This solution is based on Matterport's Mask_RCNN implementation on keras/tensorflow. Please look at the original repository (https://github.com/matterport/Mask_RCNN) for specific details. This is an implementation of Mask R-CNN on Python 3, Keras, and TensorFlow. The model generates bounding boxes and segmentation masks for each instance of an object in the image. It's based on Feature Pyramid Network (FPN) and a ResNet101 backbone. I have used the pretrained COCO weights as the starting point for my training on the nuclei segmentation dataset.

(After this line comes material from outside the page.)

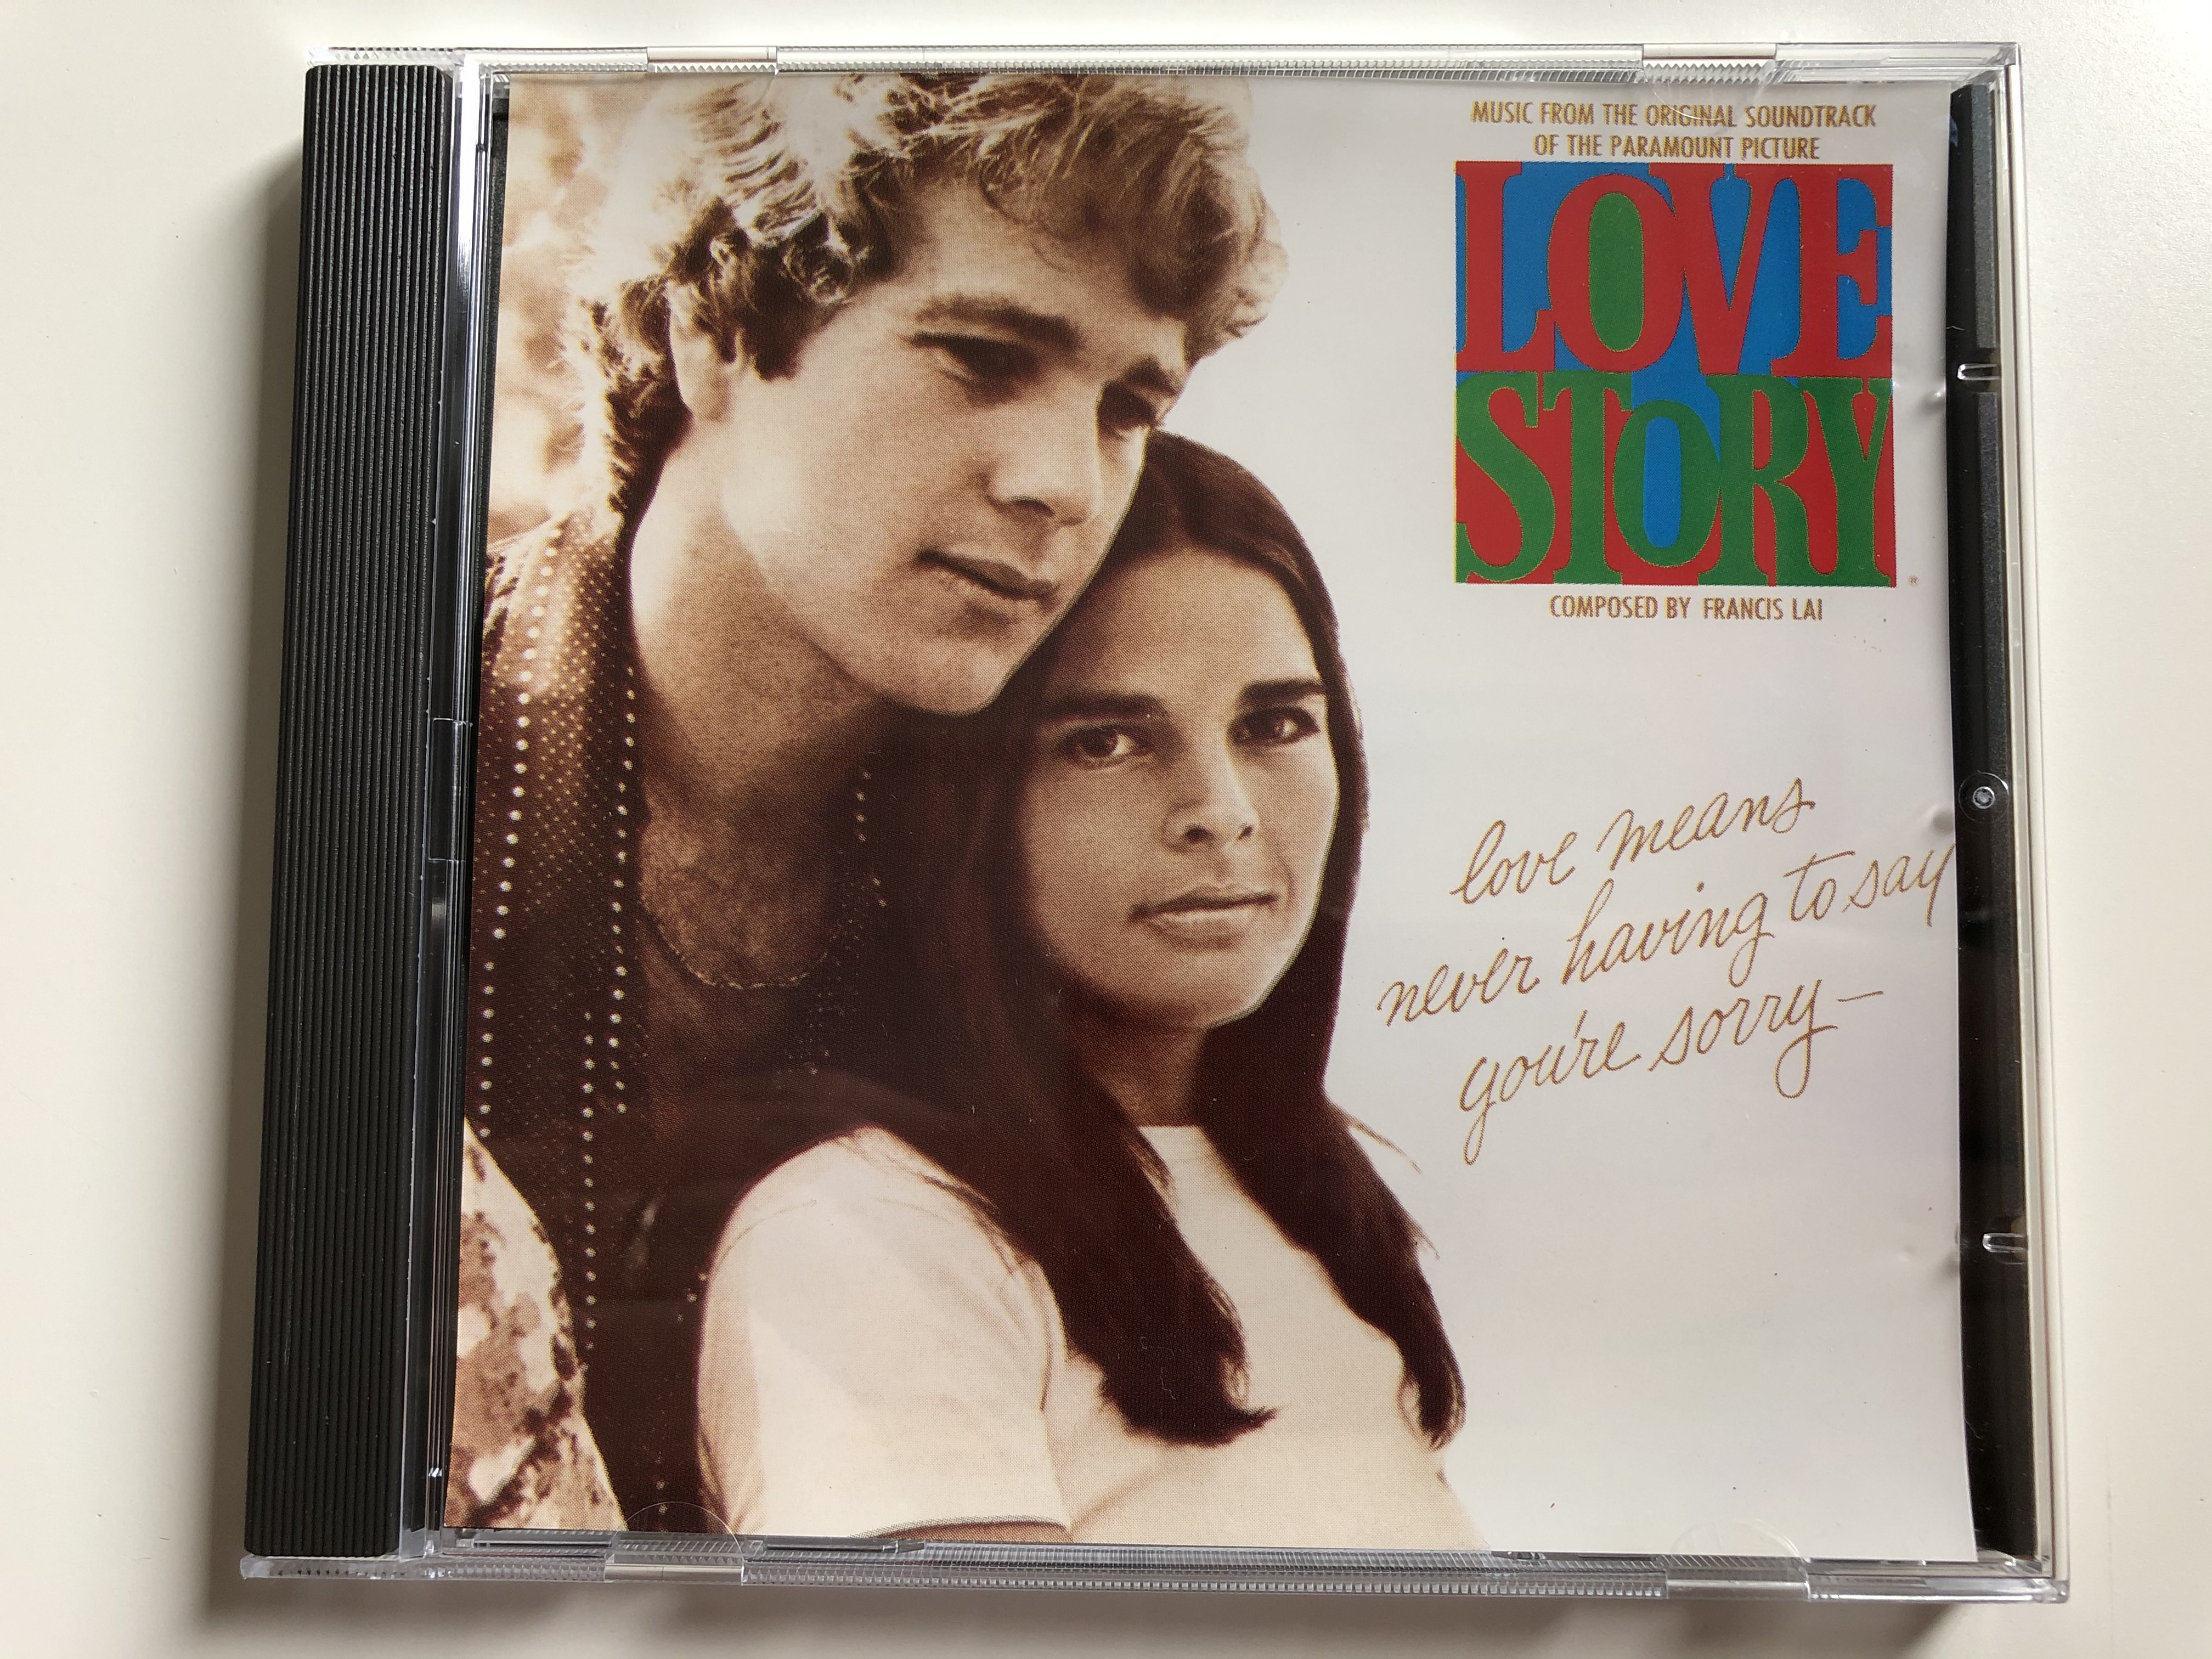 love-story-music-from-the-original-soundtrack-composed-by-francis-lai-mca-records-audio-cd-mcd-27017-1-.jpg

Some of the Mask-RCNN files are modified, in particular model.py and utils.py.

Training

Data

I did not use any additional external data. Training was done with a modified version of the dataset as in the discussion forum: https://www.kaggle.com/c/data-science-bowl-2018/discussion/50518 and mentioned several times in the Official External Data thread as a link to: https://github.com/lopuhin/kaggle-dsbowl-2018-dataset-fixes For stage2 I didn't retrain my model with the released stage1_test images. File my_bowl_dataset.py generates the bowldataset class to upload the images and masks in the correct format.

Augmentation

The modifications of files model.py and utils.py are needed for scaling the training set images before random 512x512 crops are taken for training. This scaling that take places in the "resize_image" function in utils.py and also includes aspect ratio changes of the images. In addition, code in model.py inside the "augment" section of function "load_image_gt", allows for further image augmentation of the 512x512 crops, concretely:

  • vertical and horizontal flips
  • 90 degree rotations
  • further rotation by random angles.
  • color channel shift (this function is copied from the keras Imagegenerator function).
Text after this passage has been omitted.